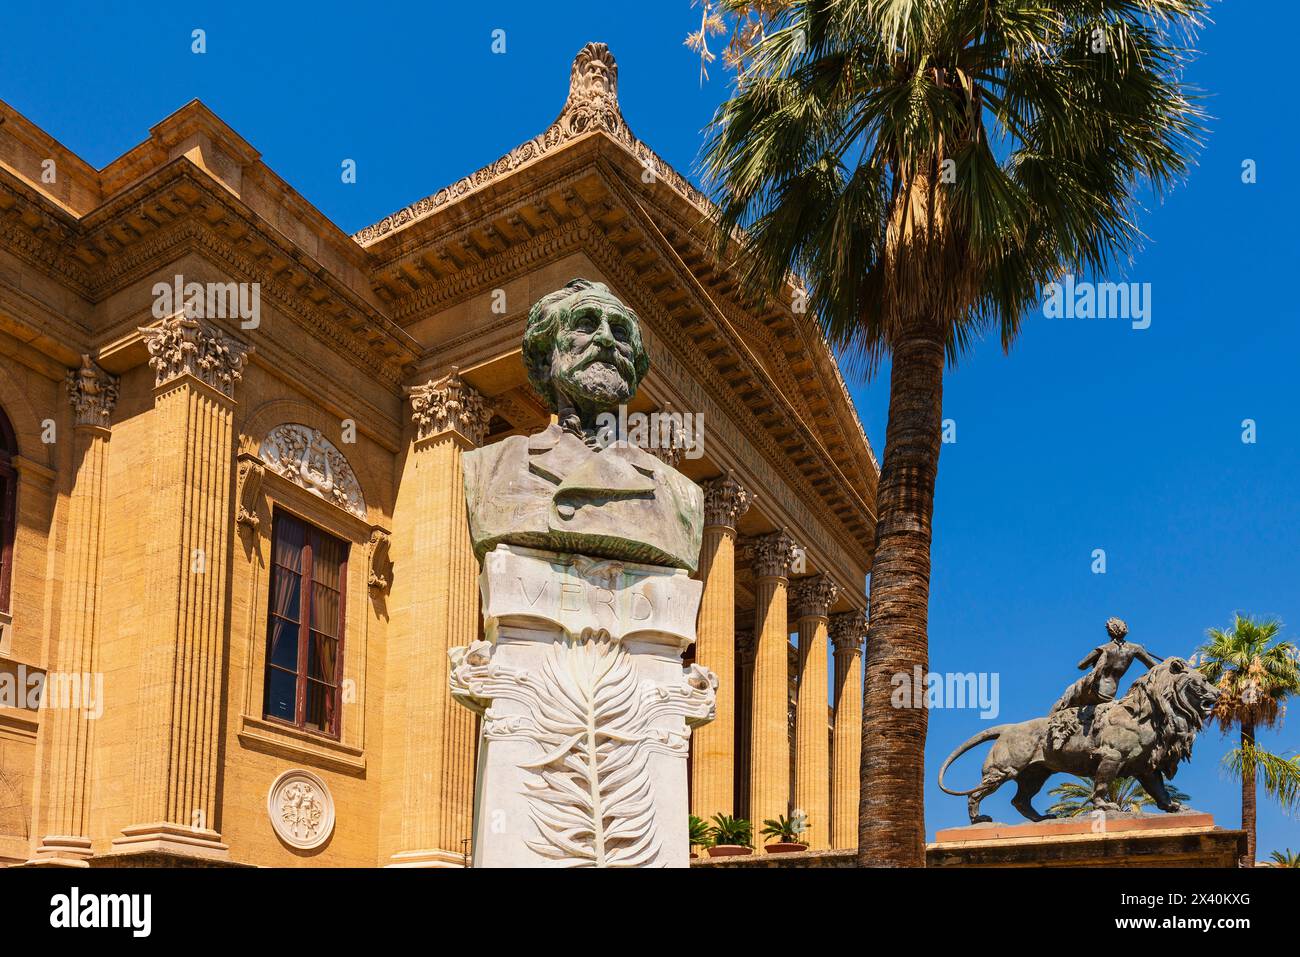 Teatro Massimo, ein Opernhaus mit der Büste von Giuseppe Verdi in Palermo, Sizilien, Italien; Palermo, Italien Stockfoto
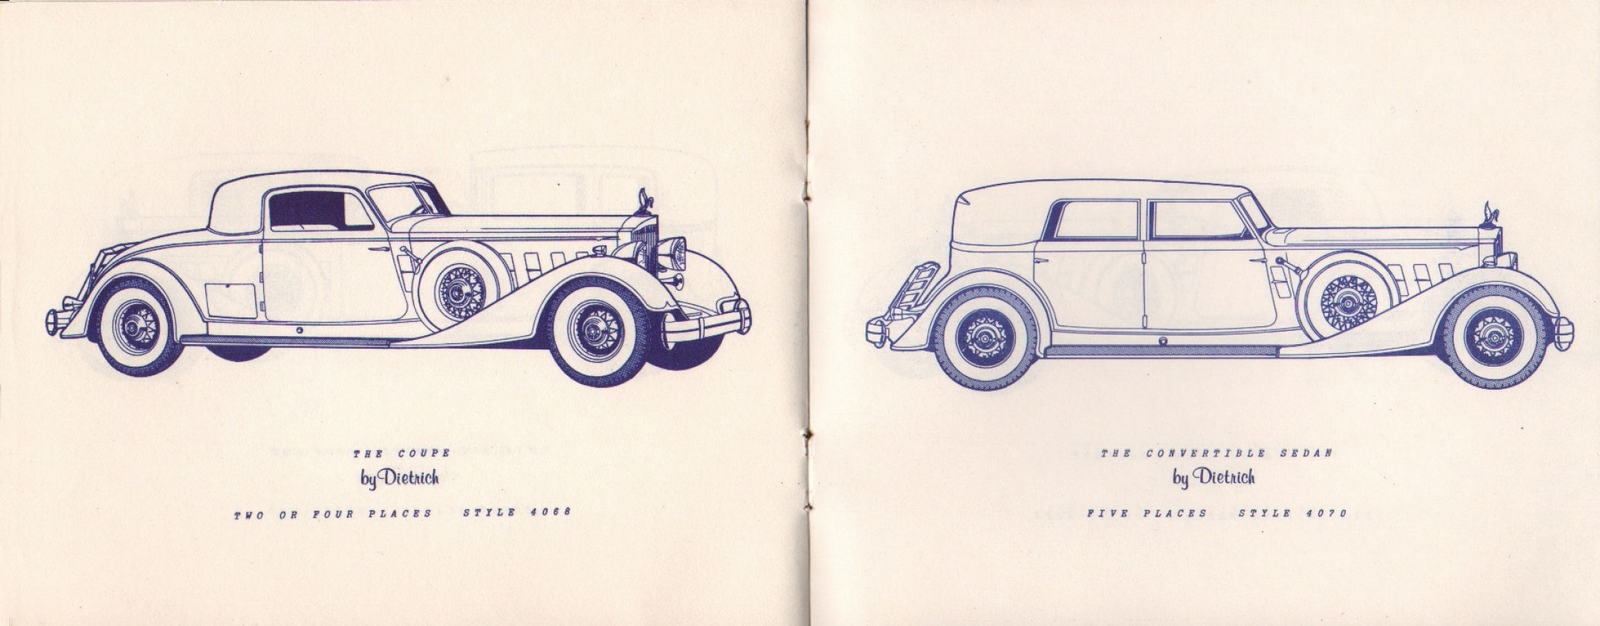 n_1934 Packard Custom Cars Booklet-08-09.jpg
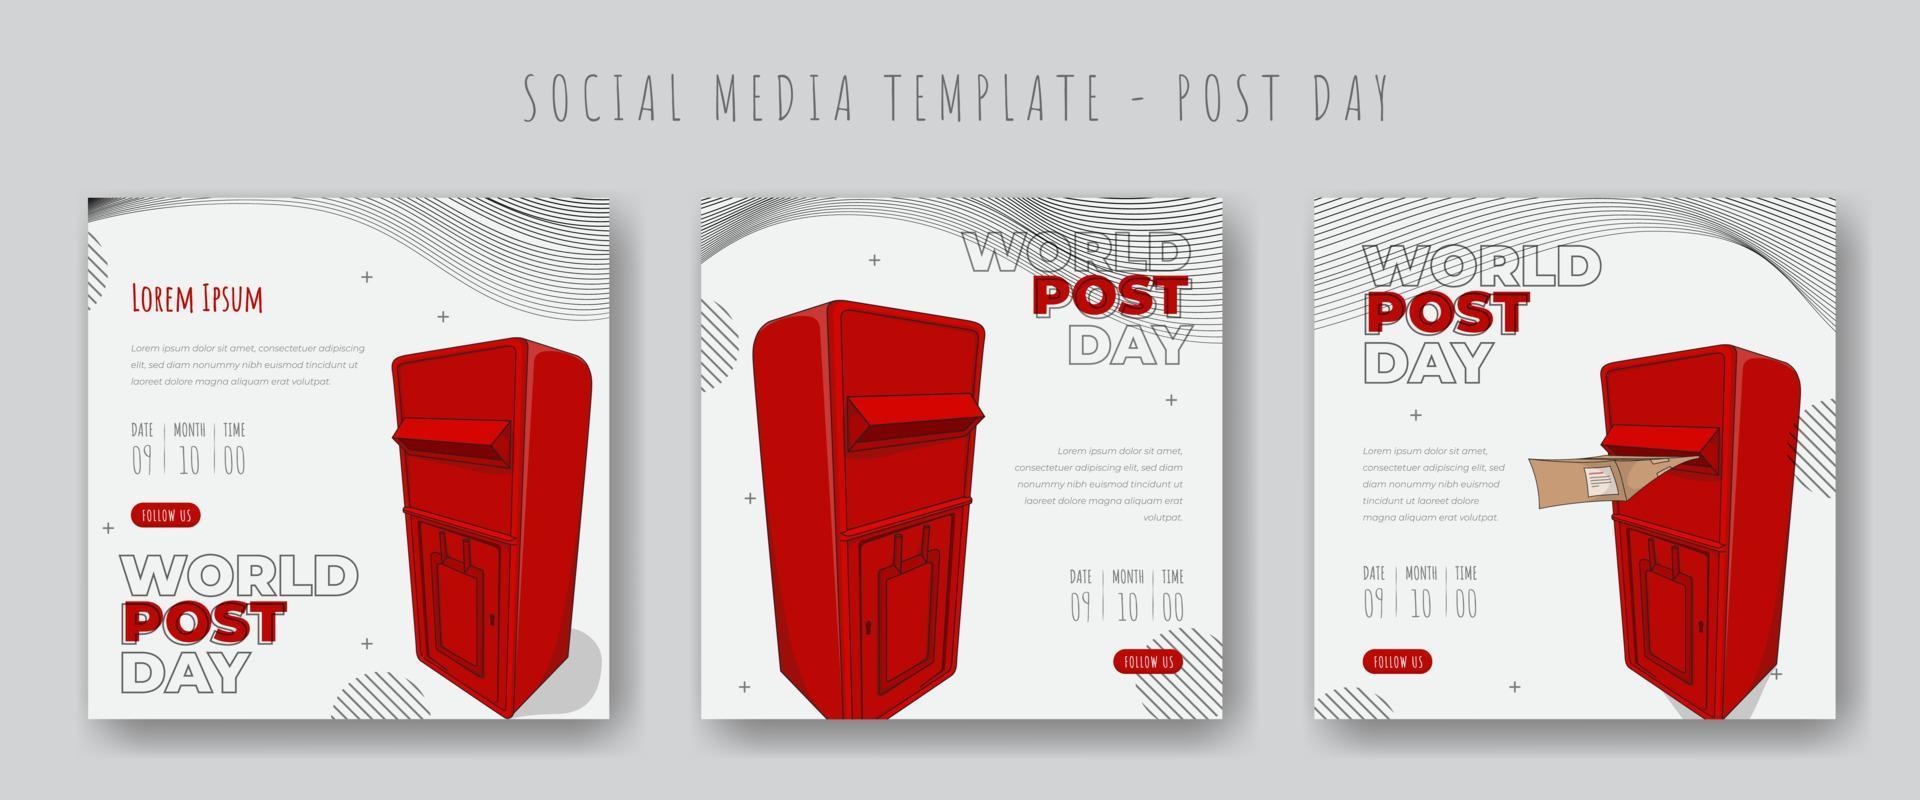 ensemble de publication sur les réseaux sociaux avec boîte aux lettres rouge et fond blanc pour la conception du modèle de la journée mondiale de la poste vecteur
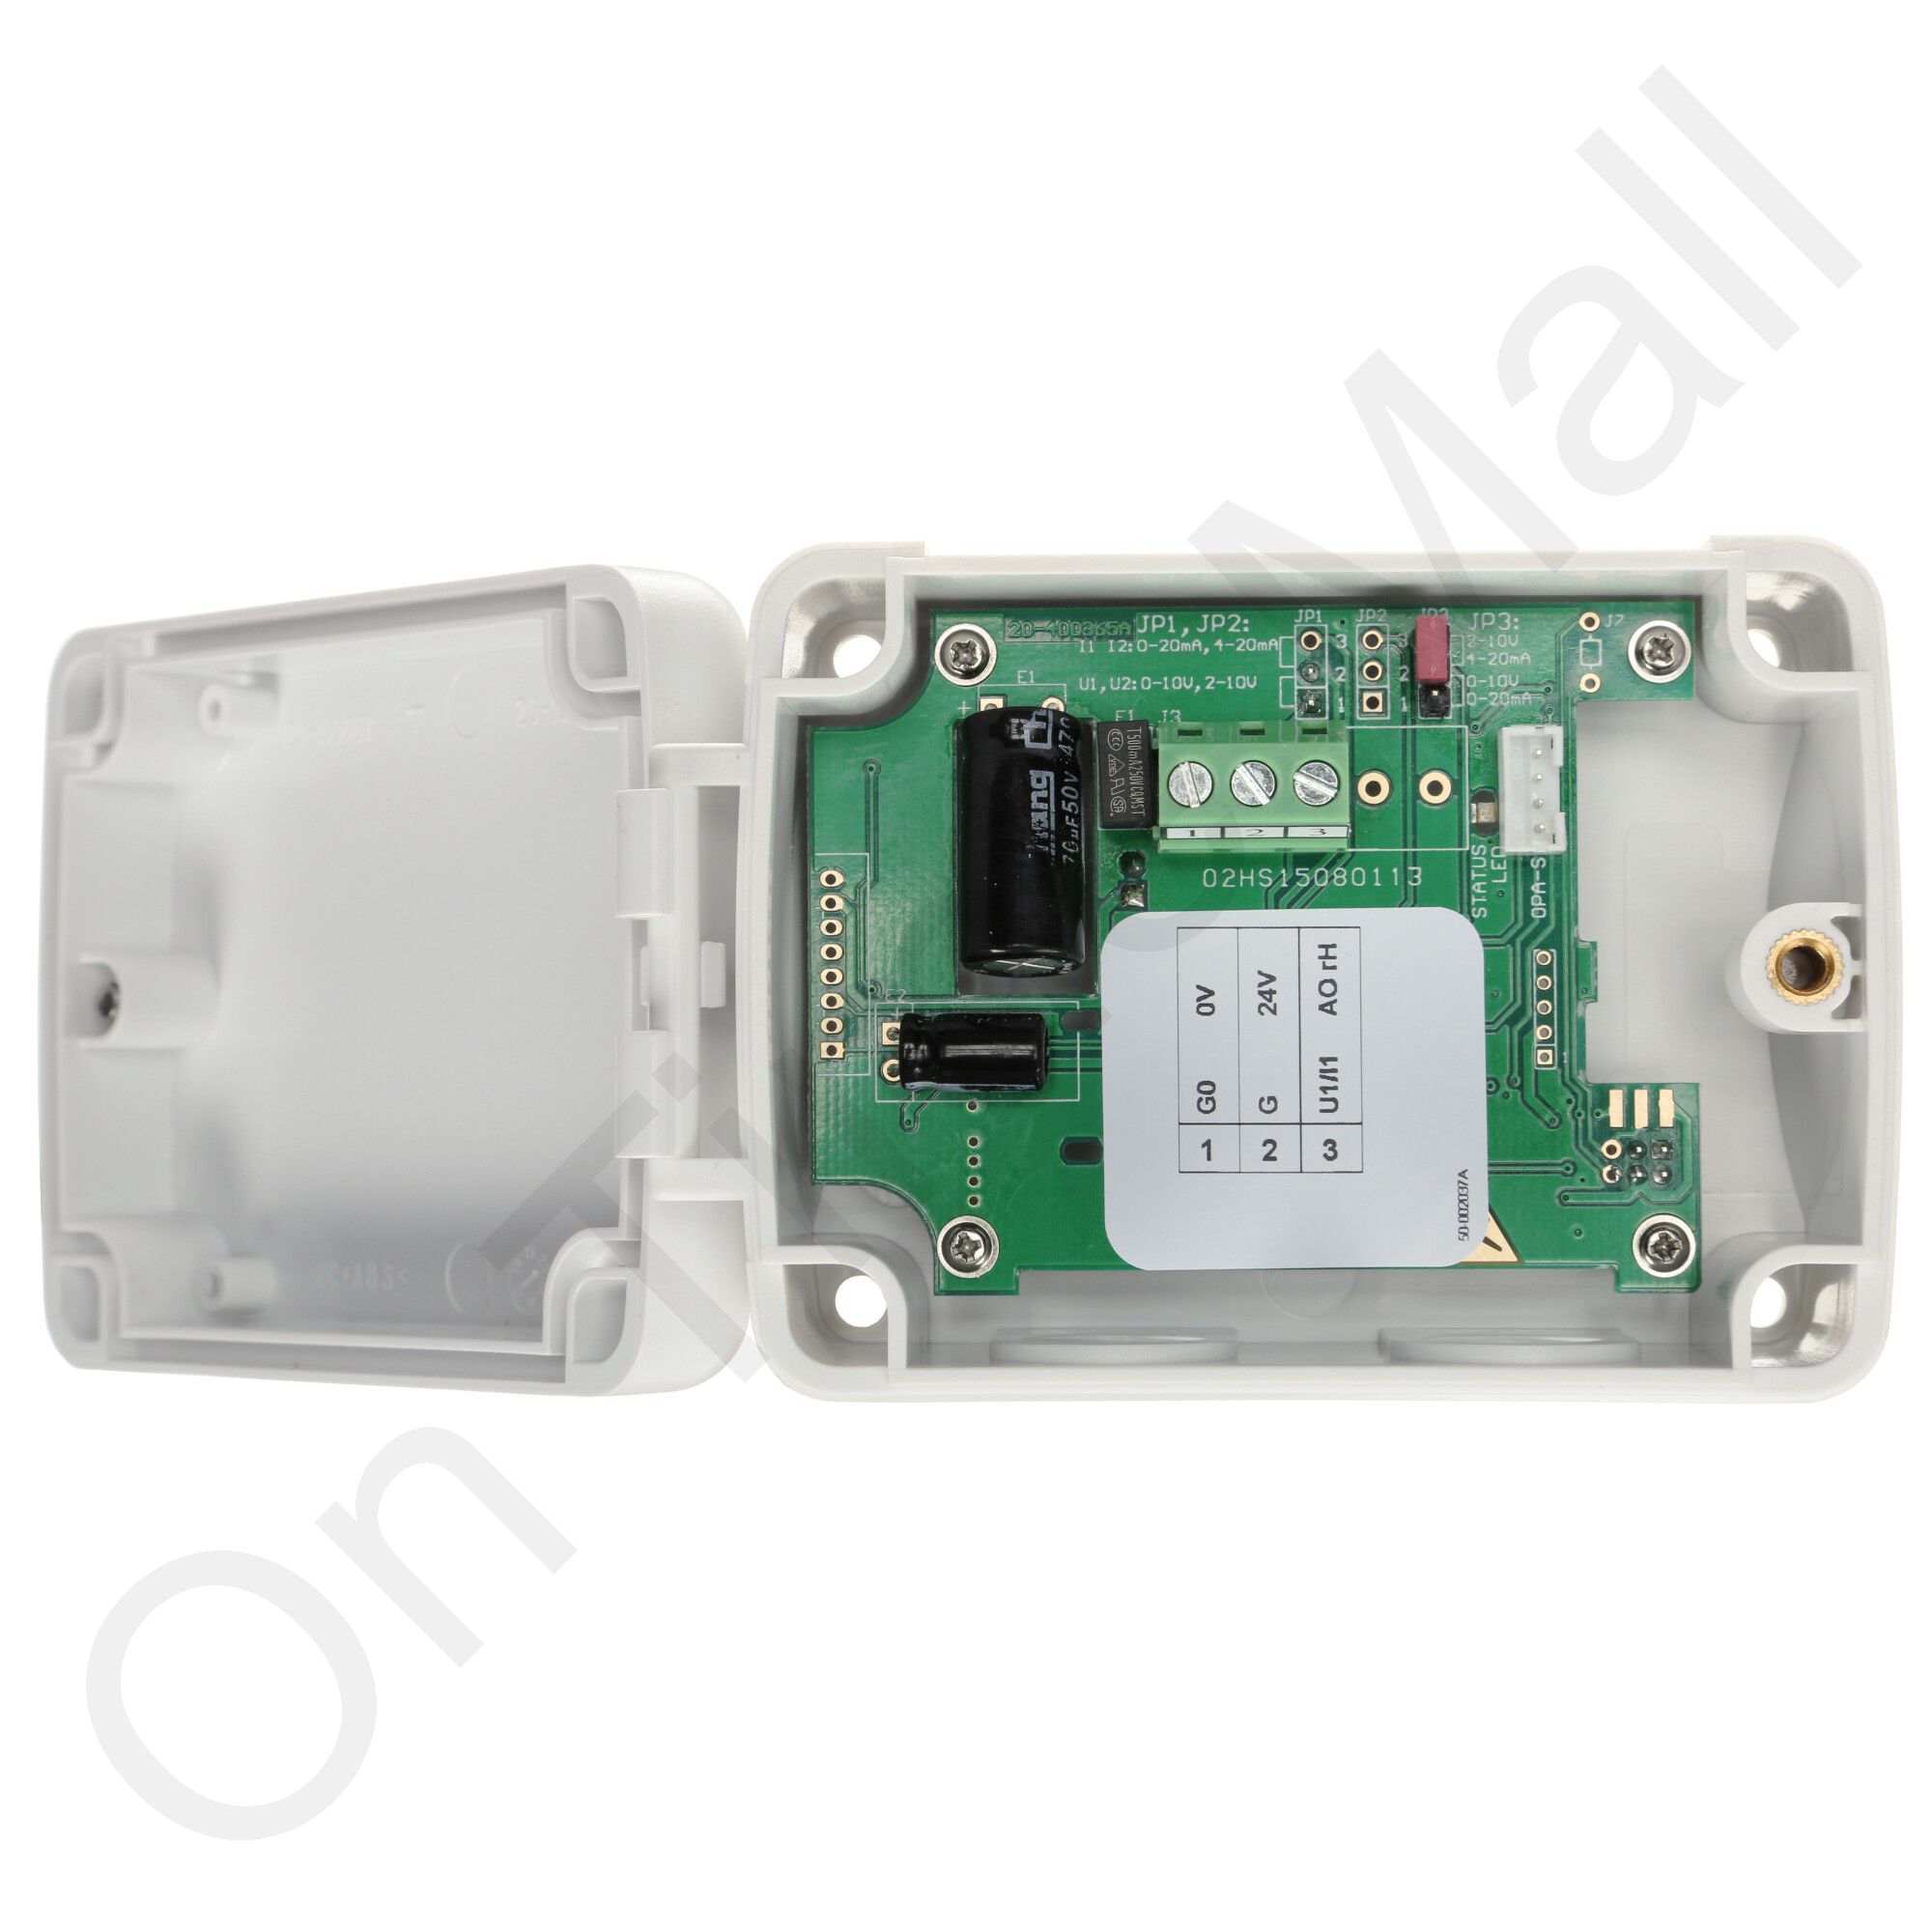 Nortec 252-0261 Control 0-10V Dig Humidistat W/O Sensor
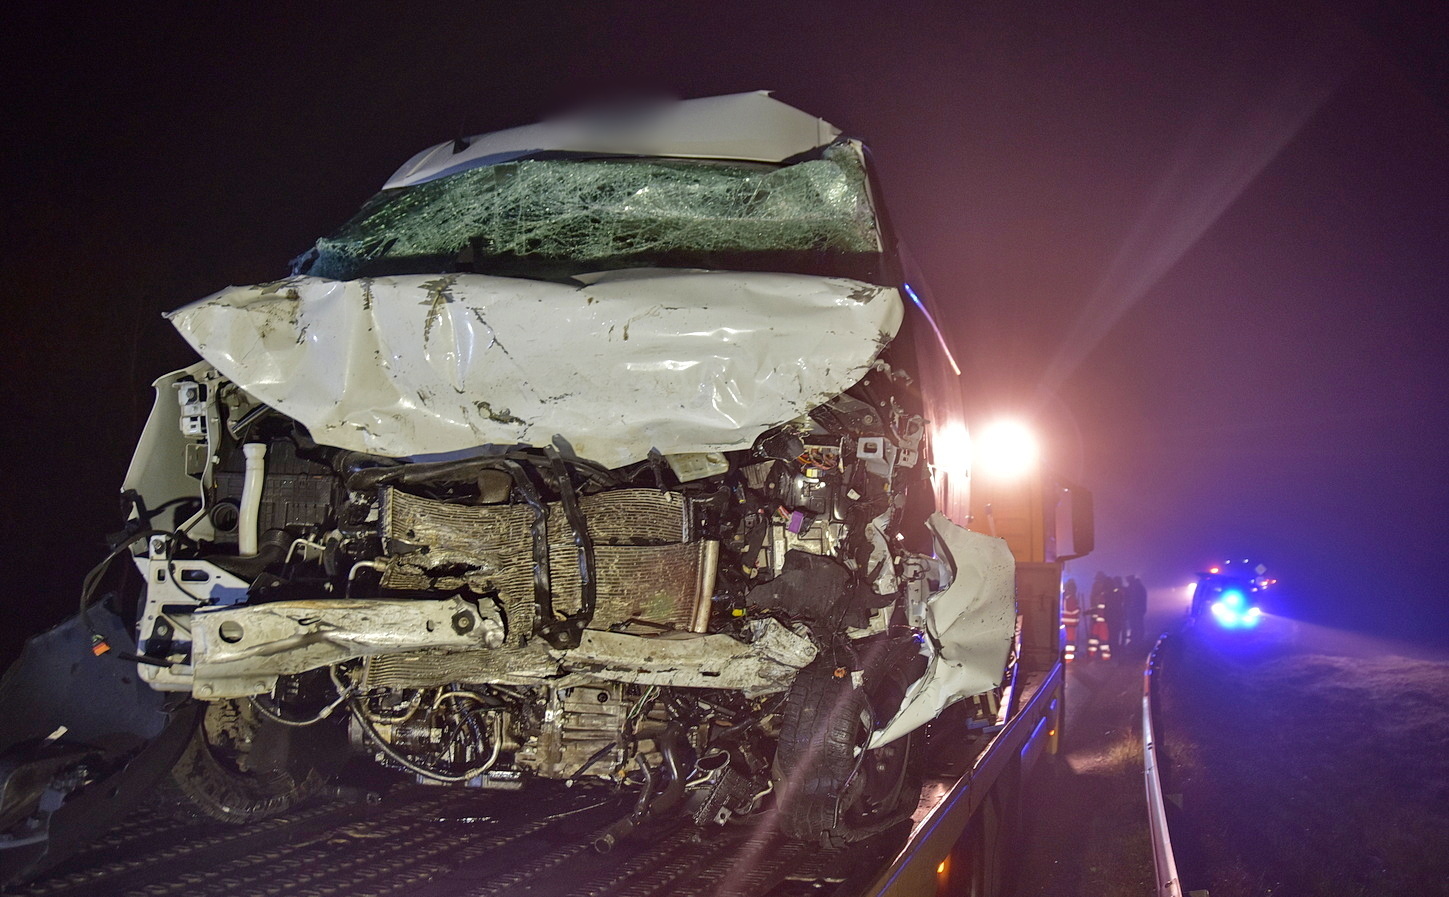 Mindkét sofőr meghalt - Renault furgon sodródott Fiat elé Gyöngyösfalu közelében
---+---
Keep every word of the data as it is when you write it out, but drop the pictures.

 Teatro Massimo, ein Opernhaus mit der Büste von Giuseppe Verdi in Palermo, Sizilien, Italien; Palermo, Italien Stockfoto
 n_1934 Packard Custom Cars Booklet-08-09.jpg
 ensemble de publication sur les réseaux sociaux avec boîte aux lettres rouge et fond blanc pour la conception du modèle de la journée mondiale de la poste vecteur
 Nortec 252-0261 Control 0-10V Dig Humidistat W/O Sensor
 Mindkét sofőr meghalt - Renault furgon sodródott Fiat elé Gyöngyösfalu közelében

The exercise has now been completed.